ETHAN était déjà mythique »
Christopher McQuarrie revient sur la place d’Ethan Hunt au sein de Mission : Impossible et relativise l’impact de son propre travail sur le personnage.
« IL N’Y A QU’UN SEUL TOM ET IL N’Y A QU’UN SEUL ETHAN. » CHRISTOPHER McQUARRIE
PREMIÈRE : Depuis 1996, une règle tacite des Mission : Impossible veut que chaque volet soit réalisé par un cinéaste différent. En enchaînant Rogue Nation et Fallout, vous rompez avec cette tradition… CHRISTOPHER MCQUARRIE :
Je l’ai vu comme un challenge – et j’aime ça. C’était même une de mes conditions pour accepter de revenir à la franchise : pouvoir maintenir la tradition selon laquelle chaque film doit avoir sa singularité esthétique. Fallout devait donner l’impression qu’un nouveau réalisateur était à la barre. J’ai donc embauché une équipe totalement différente de celle du précédent film, et je les ai poussés dans leurs retranchements. Vous me direz si j’ai réussi mon coup !
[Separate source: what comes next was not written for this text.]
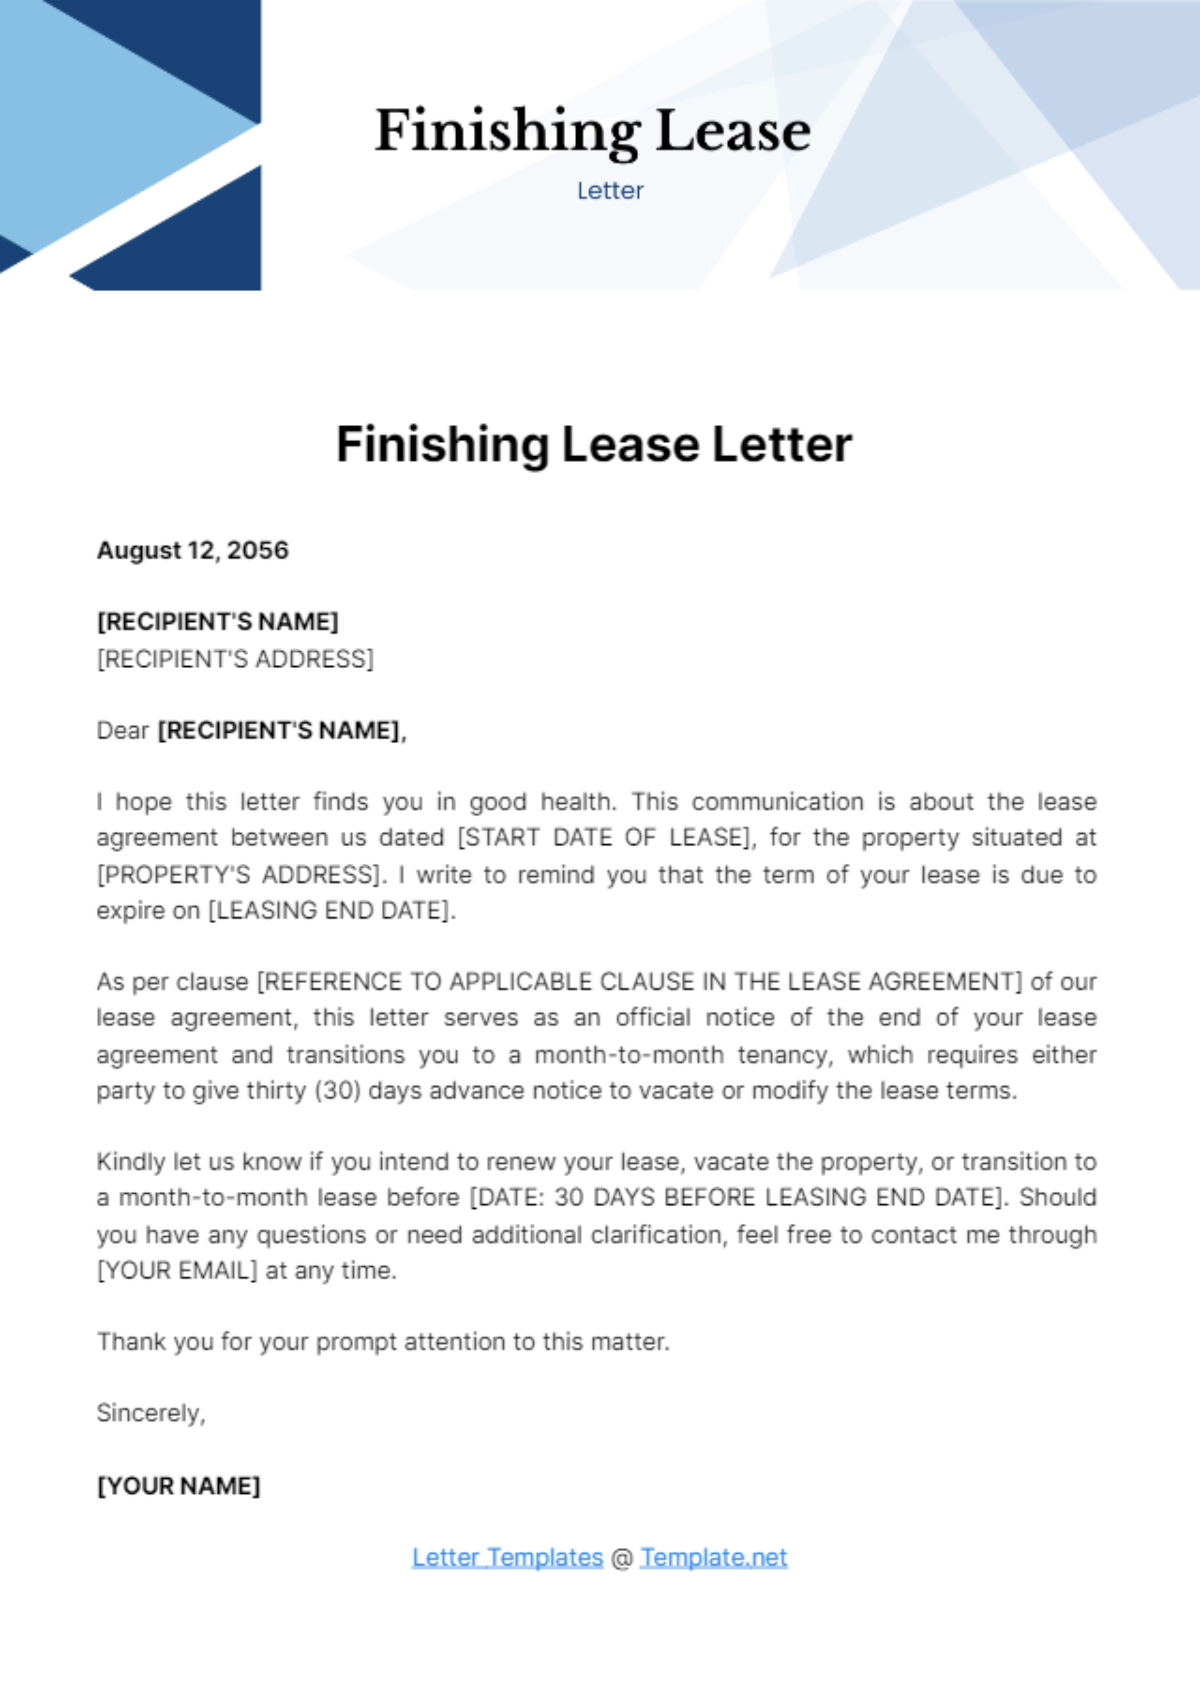 Finishing Lease Letter Template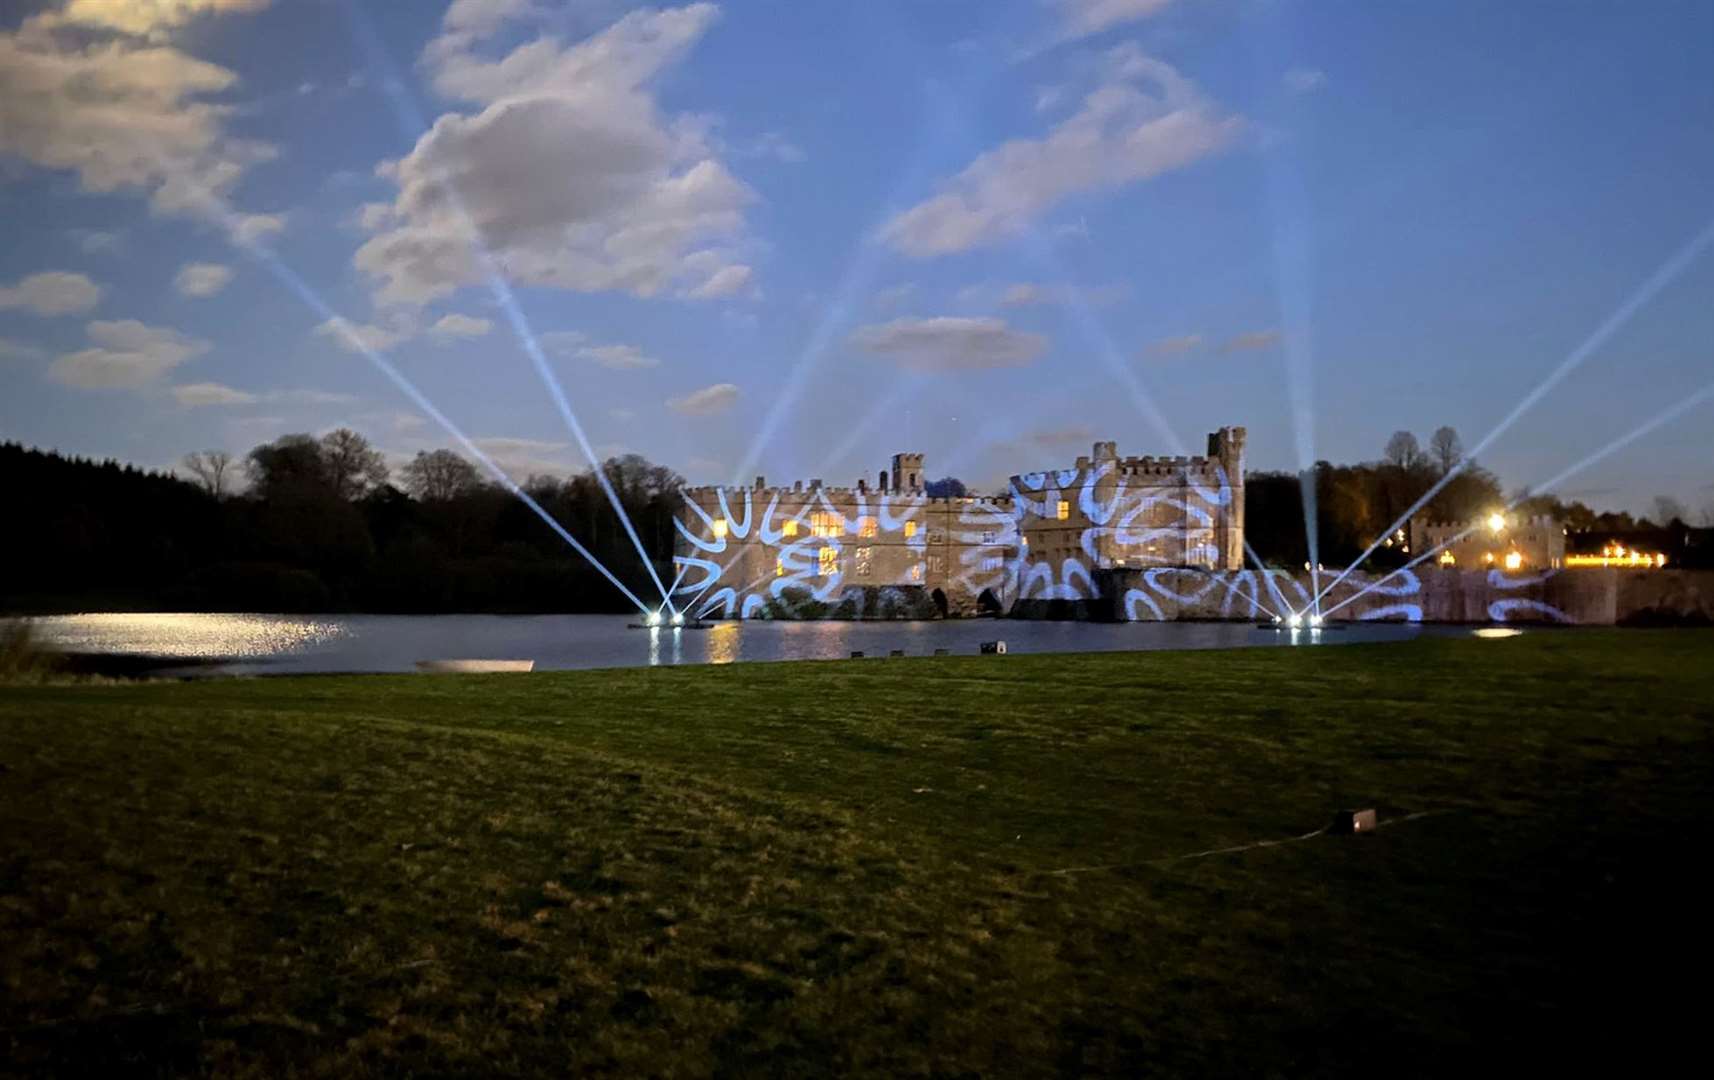 The castle was illuminated by lasers and projections and surrounded by music

Dans Rogue Nation, Ethan Hunt était pour la première fois traité comme un personnage « mythologique », à l’instar de James Bond ou de Sherlock Holmes. On avait également accès à sa part d’humanité. Lui donner de l’épaisseur, c’était votre intention ?
C’était moins intentionnel qu’inévitable, en réalité. Les personnages sont l’alpha et l’oméga du cinéma. La difficulté est de trouver le bon équilibre, l’équation qu’acceptera le public qui vient juste voir un film d’action. Durant les projections-tests, on constate qu’une partie des spectateurs attend simplement la prochaine cascade ou la prochaine course-poursuite. Ces gens ne comprennent pas que sans les passages où l’on construit les personnages, l’action ne fonctionnerait pas.
En arrivant sur Rogue Nation, vous avez dû construire la mythologie du personnage rétrospectivement, en faisant l’inventaire de ce qui marchait ou ne marchait pas…
Non, non, Ethan était déjà mythique. Il était déjà un personnage à part entière. C’est juste qu’à chaque nouvel épisode, on le connaît un peu plus. Fallout poursuit dans ce sens. Mais pas trop non plus, car notre travail consiste aussi à laisser un peu de mystère pour la fois d’après.
Humaniser et « mythologiser », ce sont deux choses contradictoires ou complémentaires ?
Complémentaires, sans le moindre doute. Depuis mes débuts, je suis attiré par les personnages mythologiques. Mais tous ont commencé comme simples mortels. Explorer l’espace entre les deux, c’est ce que je fais de mieux.
Quelles sont les caractéristiques d’Ethan Hunt ?
Il est loyal, très investi dans son job, c’est un homme d’honneur. Mais il ressent la peur, ce n’est pas un casse-cou. S’il avait le choix, il ne ferait pas les choses timbrées qu’il est contraint d’exécuter. Notre job dans les Mission est d’inventer des scénarios face auxquels Ethan n’a d’autre alternative que de jouer sa vie.
Une question qui obsède : à quel point la personnalité d’Ethan Hunt est-elle déterminée par celle de Tom Cruise ?
Il y a une grande différence entre eux deux : Tom adore faire ces conneries !
Cruise est fan de Cary Grant, et l’ombre de ses films, de La Mort aux trousses aux Enchaînés plane sur la saga. Lequel a influencé Fallout ?
Aucun ! J’ai tout fait pour éviter les influences trop conscientes. Disons qu’il y a peut-être un plan du film qui renvoie à un plan de Rogue Nation qui était peut-être inspiré par Charade... Le seul film que nous avons évoqué avec [le chef-opérateur] Rob Hardy, c’est Le Point de non-retour de John Boorman, qui a clairement influencé un plan ou deux. Mais seulement visuellement.
Ethan Hunt pourra-t-il un jour exister sans Tom Cruise ? Lui survivre ?
Il n’y a qu’un seul Tom et il n’y a qu’un seul Ethan. Et on a de la chance qu’ils se soient trouvés.